EXERCISE DATA Start Marker
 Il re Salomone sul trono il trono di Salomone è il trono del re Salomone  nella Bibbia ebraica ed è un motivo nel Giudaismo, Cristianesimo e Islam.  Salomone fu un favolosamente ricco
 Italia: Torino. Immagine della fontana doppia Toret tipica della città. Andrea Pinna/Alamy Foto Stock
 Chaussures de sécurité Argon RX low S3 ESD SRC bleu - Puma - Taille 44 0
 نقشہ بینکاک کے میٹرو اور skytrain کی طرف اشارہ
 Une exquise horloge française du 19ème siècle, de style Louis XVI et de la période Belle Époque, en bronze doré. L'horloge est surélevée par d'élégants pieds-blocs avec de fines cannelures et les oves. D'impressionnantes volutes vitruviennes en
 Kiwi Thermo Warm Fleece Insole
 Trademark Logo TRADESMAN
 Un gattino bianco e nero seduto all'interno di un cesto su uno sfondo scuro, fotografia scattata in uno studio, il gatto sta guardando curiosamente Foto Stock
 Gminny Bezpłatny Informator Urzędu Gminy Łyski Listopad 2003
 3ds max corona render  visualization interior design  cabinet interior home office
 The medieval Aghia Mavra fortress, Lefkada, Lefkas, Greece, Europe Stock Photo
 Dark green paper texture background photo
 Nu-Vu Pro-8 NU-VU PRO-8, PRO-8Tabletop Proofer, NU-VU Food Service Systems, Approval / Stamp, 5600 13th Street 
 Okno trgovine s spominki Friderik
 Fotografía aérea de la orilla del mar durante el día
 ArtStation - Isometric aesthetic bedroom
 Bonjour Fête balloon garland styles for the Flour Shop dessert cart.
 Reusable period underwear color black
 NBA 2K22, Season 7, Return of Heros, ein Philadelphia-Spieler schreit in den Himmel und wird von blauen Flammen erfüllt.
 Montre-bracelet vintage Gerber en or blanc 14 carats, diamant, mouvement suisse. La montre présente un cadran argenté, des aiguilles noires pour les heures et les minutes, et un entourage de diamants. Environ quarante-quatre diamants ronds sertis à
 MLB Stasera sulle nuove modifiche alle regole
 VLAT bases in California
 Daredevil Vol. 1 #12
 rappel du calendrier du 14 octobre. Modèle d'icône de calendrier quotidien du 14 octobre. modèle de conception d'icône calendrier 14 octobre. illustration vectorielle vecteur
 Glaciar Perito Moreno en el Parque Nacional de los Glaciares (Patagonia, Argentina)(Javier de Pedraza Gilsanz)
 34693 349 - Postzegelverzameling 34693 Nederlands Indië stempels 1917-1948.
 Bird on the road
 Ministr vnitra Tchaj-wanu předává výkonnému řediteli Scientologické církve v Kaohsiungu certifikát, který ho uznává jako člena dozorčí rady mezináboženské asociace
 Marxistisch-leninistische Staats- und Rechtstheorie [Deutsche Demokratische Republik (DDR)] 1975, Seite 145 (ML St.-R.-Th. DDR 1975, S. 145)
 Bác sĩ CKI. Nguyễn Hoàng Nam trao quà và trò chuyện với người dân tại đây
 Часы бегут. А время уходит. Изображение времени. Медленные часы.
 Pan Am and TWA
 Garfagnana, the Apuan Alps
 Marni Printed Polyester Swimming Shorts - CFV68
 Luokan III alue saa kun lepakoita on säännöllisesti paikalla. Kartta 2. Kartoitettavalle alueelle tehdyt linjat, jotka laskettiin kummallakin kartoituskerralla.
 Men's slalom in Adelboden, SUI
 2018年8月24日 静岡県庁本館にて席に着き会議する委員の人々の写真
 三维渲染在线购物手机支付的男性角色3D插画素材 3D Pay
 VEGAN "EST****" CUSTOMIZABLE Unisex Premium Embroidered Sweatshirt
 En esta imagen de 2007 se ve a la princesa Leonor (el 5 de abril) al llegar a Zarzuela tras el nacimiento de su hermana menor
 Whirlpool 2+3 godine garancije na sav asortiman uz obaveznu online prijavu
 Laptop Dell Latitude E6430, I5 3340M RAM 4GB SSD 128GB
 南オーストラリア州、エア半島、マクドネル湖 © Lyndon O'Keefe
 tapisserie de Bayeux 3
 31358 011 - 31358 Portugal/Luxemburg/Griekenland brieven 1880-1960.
EXERCISE DATA End Marker
EXERCISE PROMPT: Write out only what runs from the line holding "Часы бегут. А" through the last line of the records, exactly as shown.

RESPONSE BOX:
 Часы бегут. А время уходит. Изображение времени. Медленные часы.
 Pan Am and TWA
 Garfagnana, the Apuan Alps
 Marni Printed Polyester Swimming Shorts - CFV68
 Luokan III alue saa kun lepakoita on säännöllisesti paikalla. Kartta 2. Kartoitettavalle alueelle tehdyt linjat, jotka laskettiin kummallakin kartoituskerralla.
 Men's slalom in Adelboden, SUI
 2018年8月24日 静岡県庁本館にて席に着き会議する委員の人々の写真
 三维渲染在线购物手机支付的男性角色3D插画素材 3D Pay
 VEGAN "EST****" CUSTOMIZABLE Unisex Premium Embroidered Sweatshirt
 En esta imagen de 2007 se ve a la princesa Leonor (el 5 de abril) al llegar a Zarzuela tras el nacimiento de su hermana menor
 Whirlpool 2+3 godine garancije na sav asortiman uz obaveznu online prijavu
 Laptop Dell Latitude E6430, I5 3340M RAM 4GB SSD 128GB
 南オーストラリア州、エア半島、マクドネル湖 © Lyndon O'Keefe
 tapisserie de Bayeux 3
 31358 011 - 31358 Portugal/Luxemburg/Griekenland brieven 1880-1960.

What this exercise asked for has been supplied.